→ BRIEF
Would you please set down the data again exactly as given, excluding the pictures?

→ PROVIDED MATERIAL
# # #
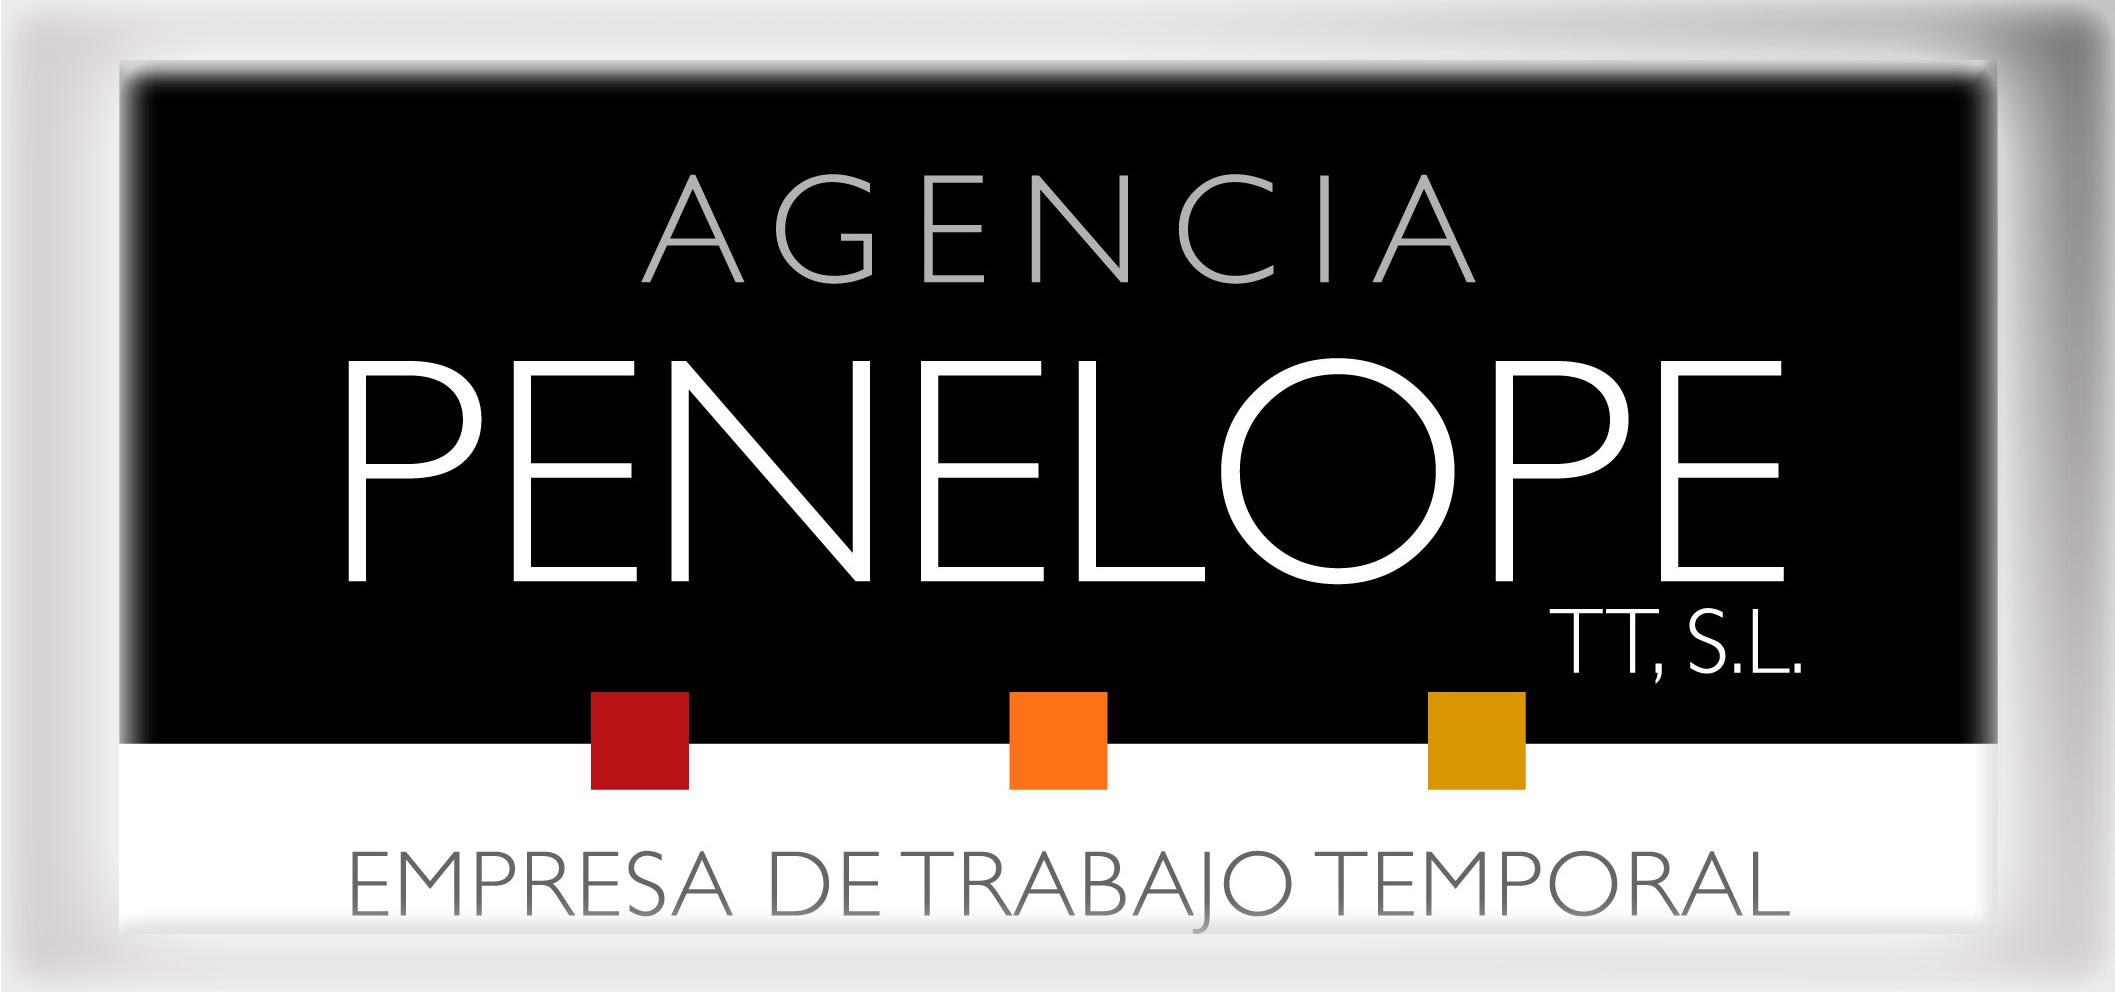 Agencia Penelope
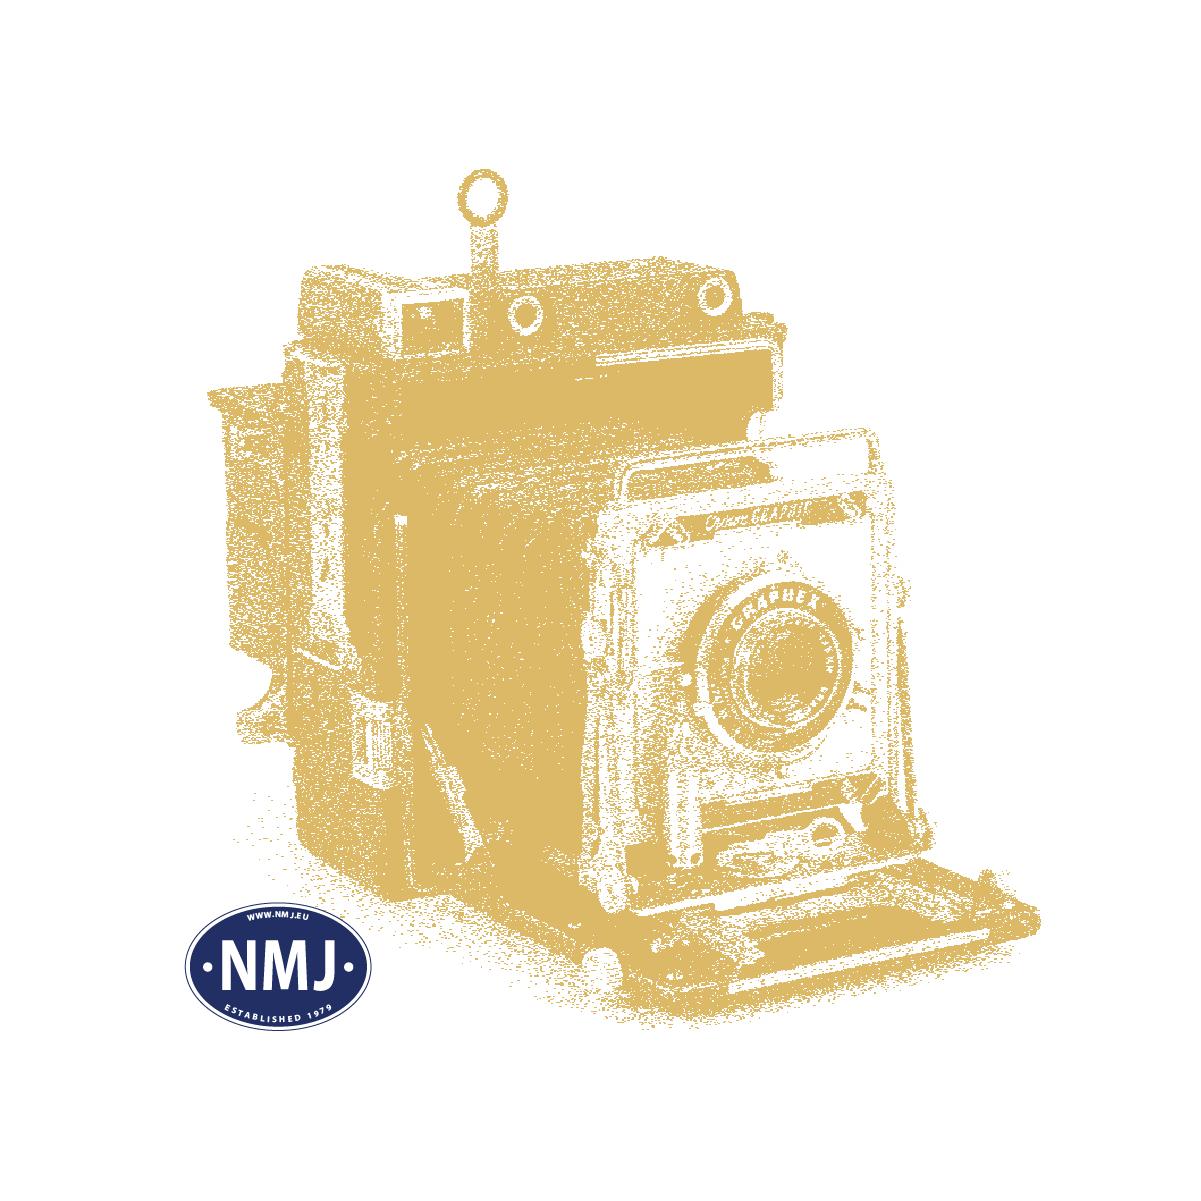 WODJP5612 - N City Classic, Just Plug, Funksjonsmodell m/ lys
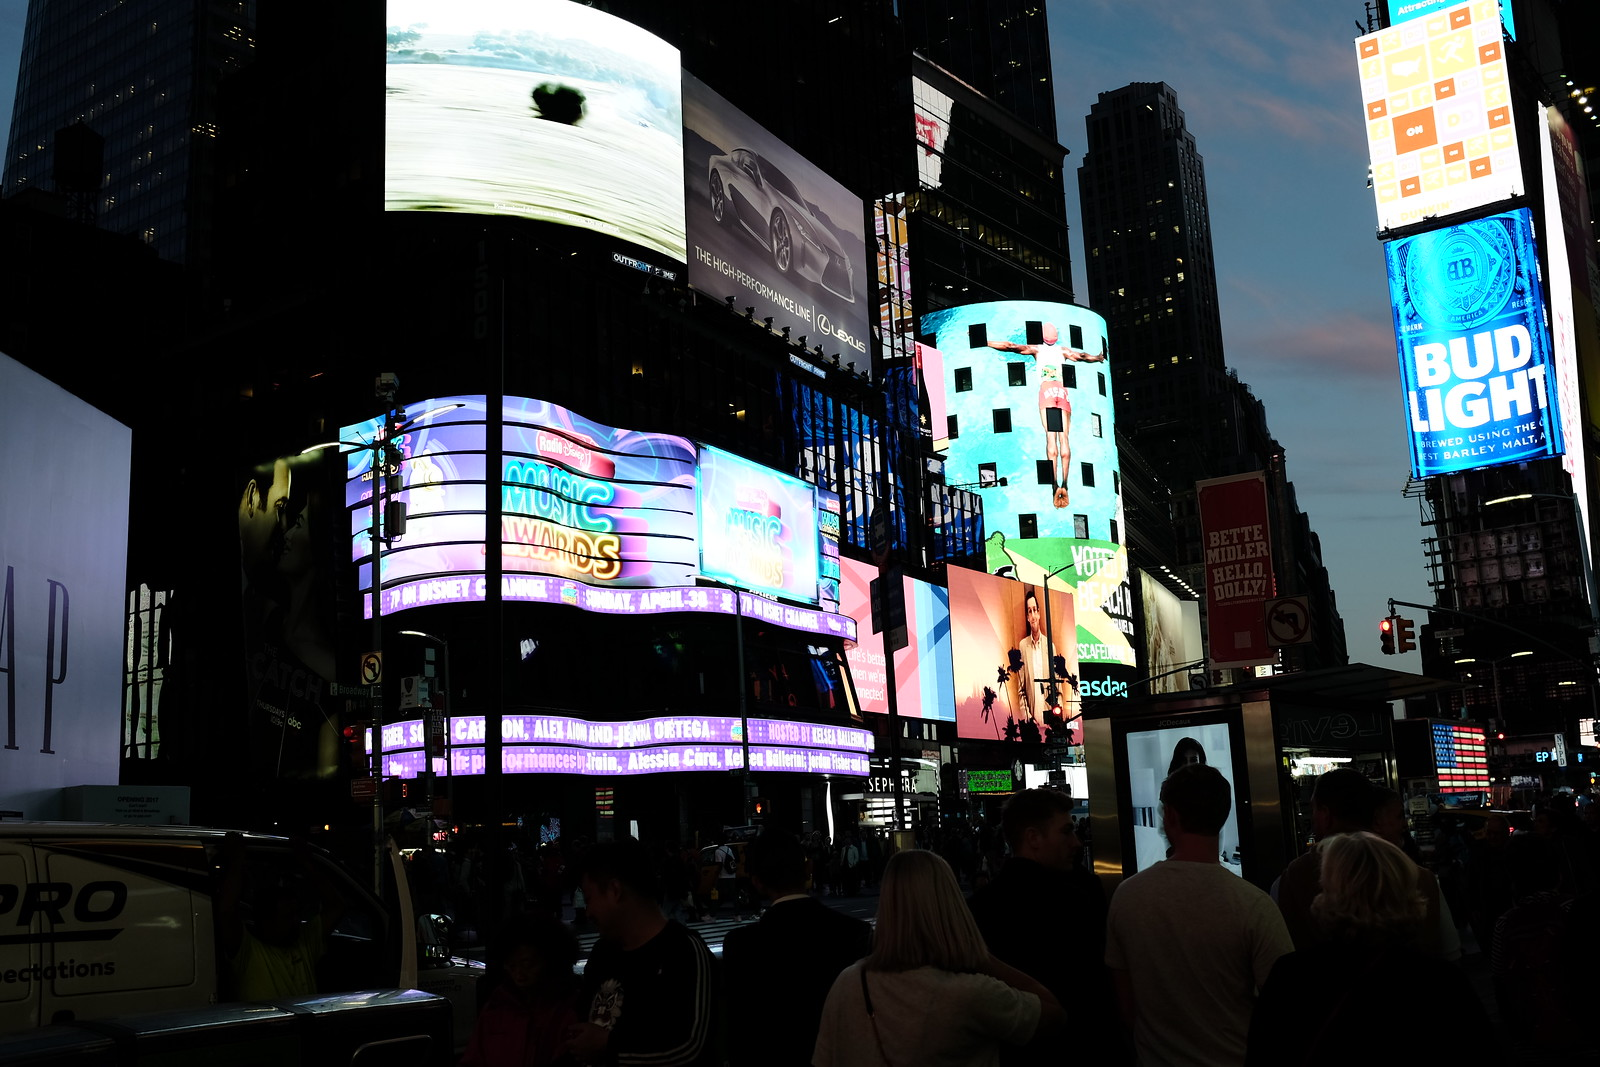 The New York Photo by FUJIFILM X100S.
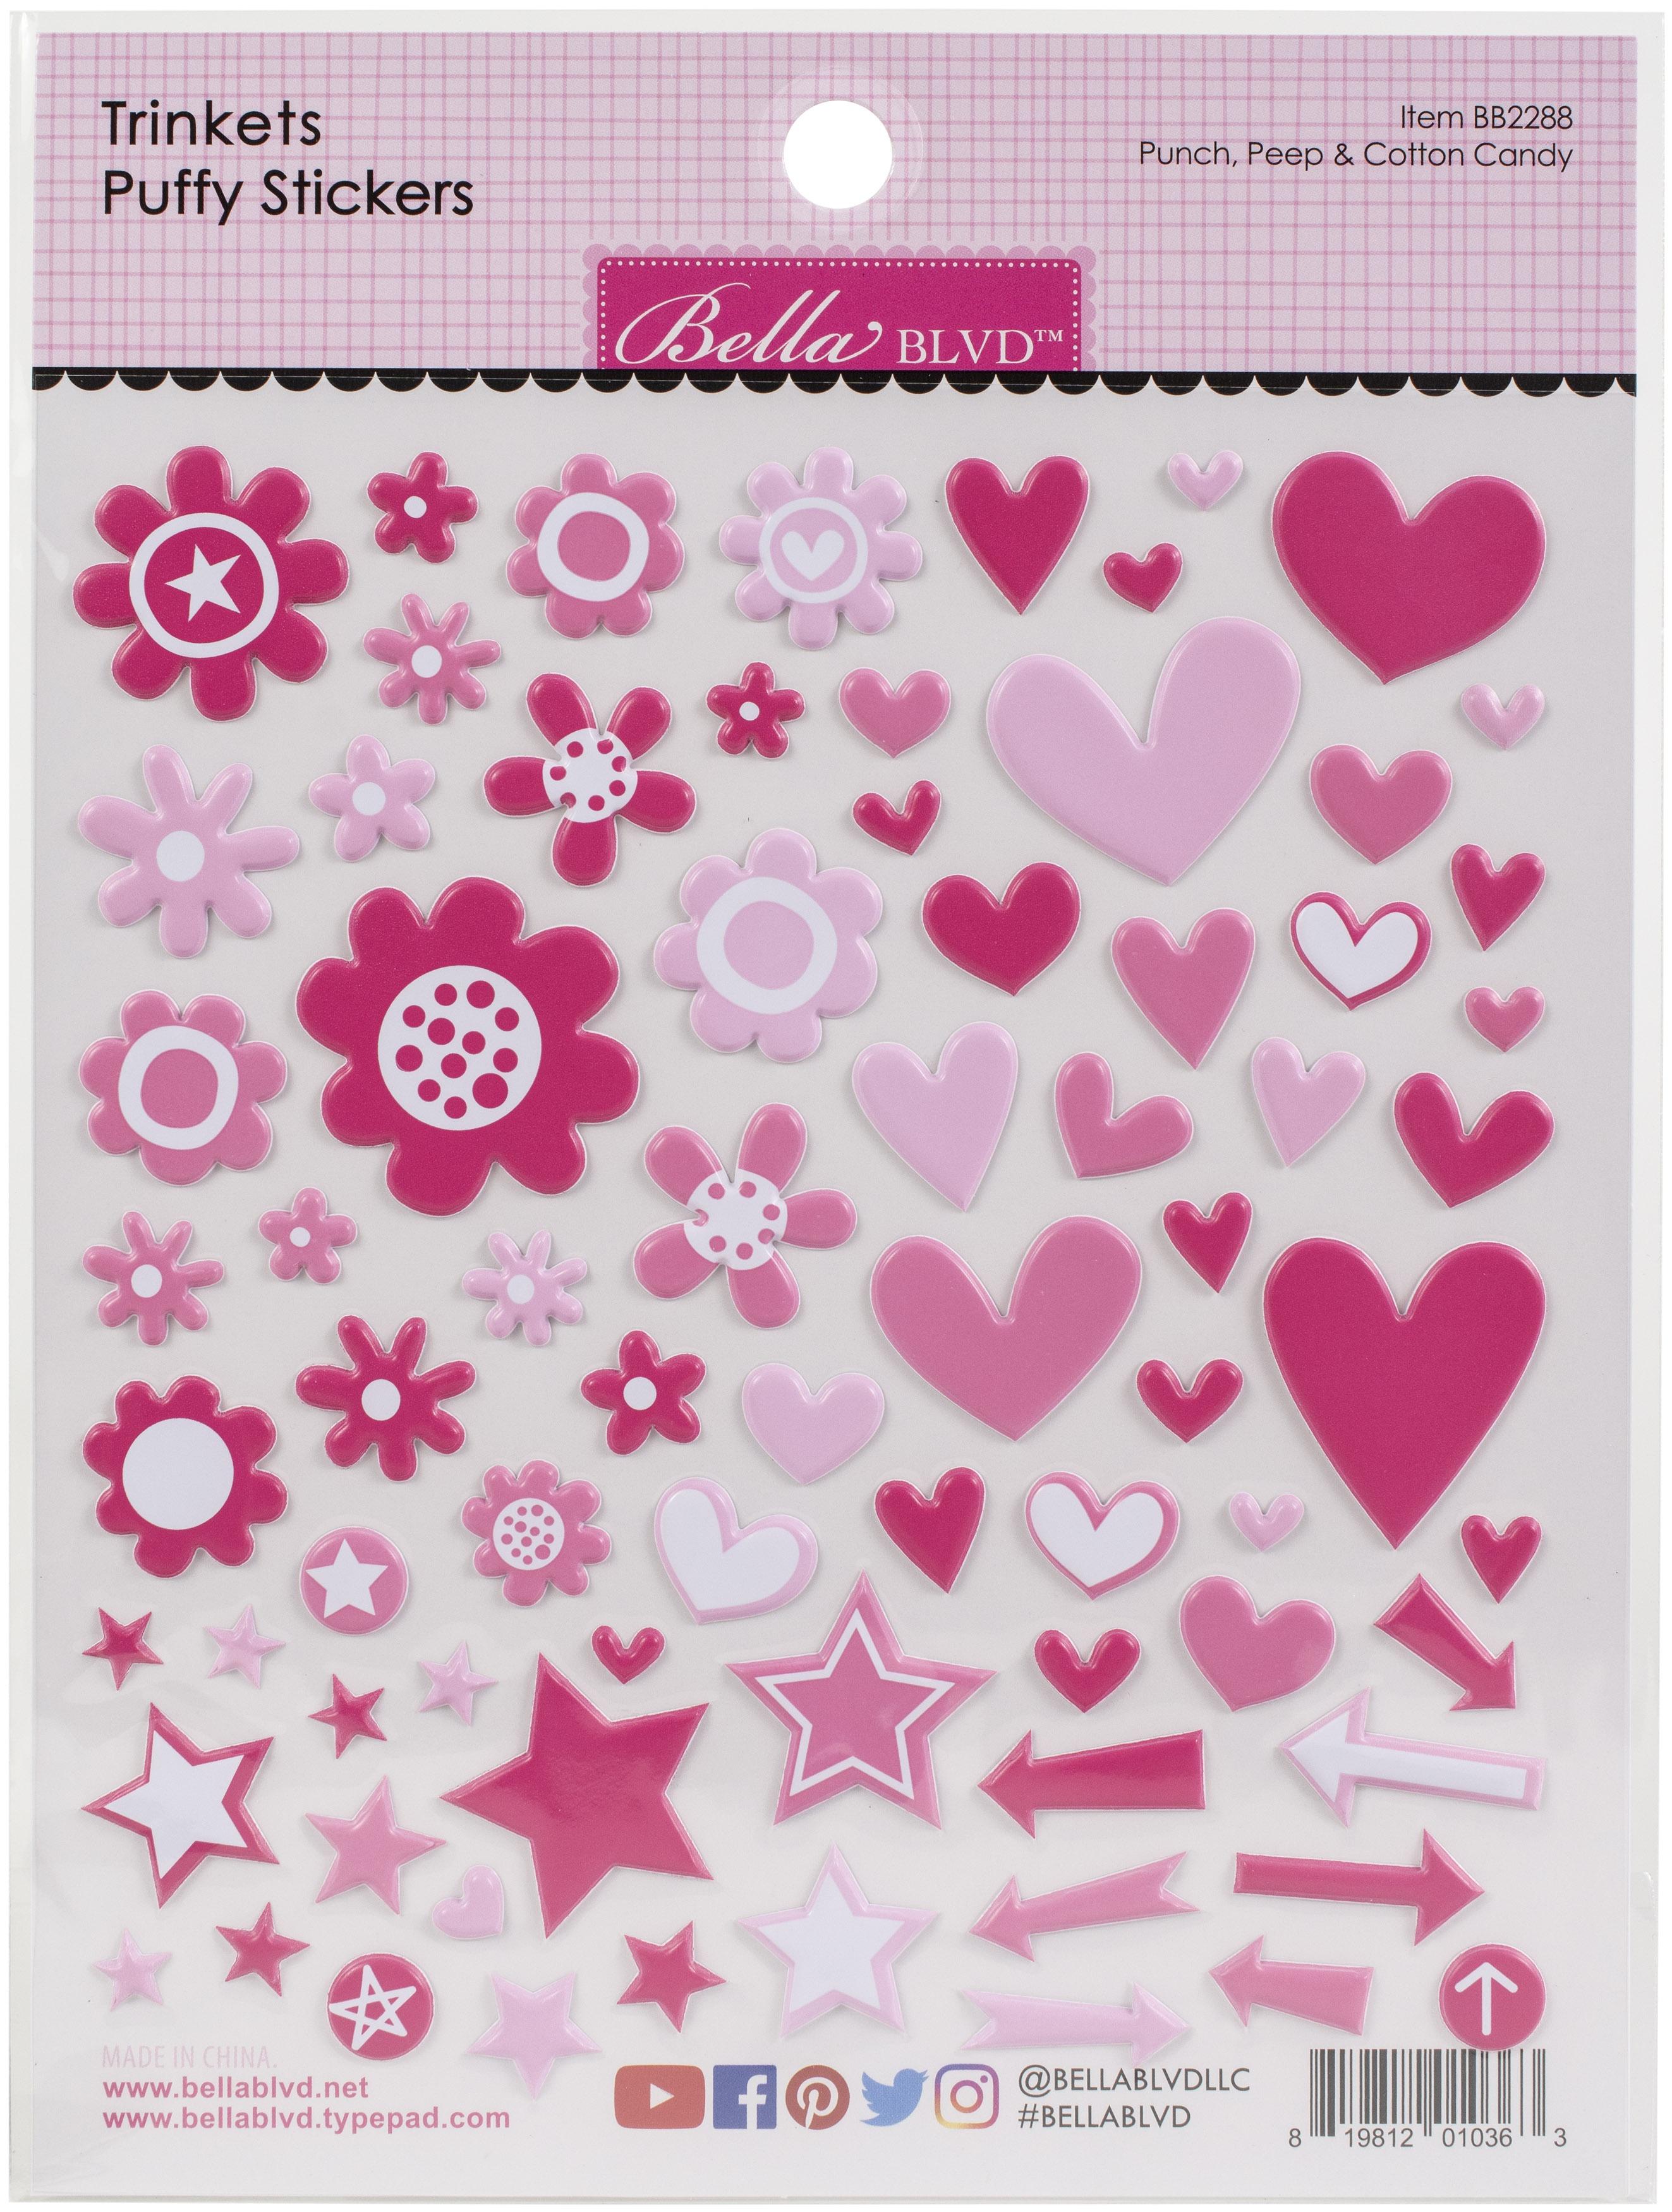 Bella Besties Trinkets Puffy Stickers-Punch, Peep & Cotton Candy
# # #
→ THE COMPLETED TASK
 Agencia Penelope
 WODJP5612 - N City Classic, Just Plug, Funksjonsmodell m/ lys
 The New York Photo by FUJIFILM X100S.
 Bella Besties Trinkets Puffy Stickers-Punch, Peep & Cotton Candy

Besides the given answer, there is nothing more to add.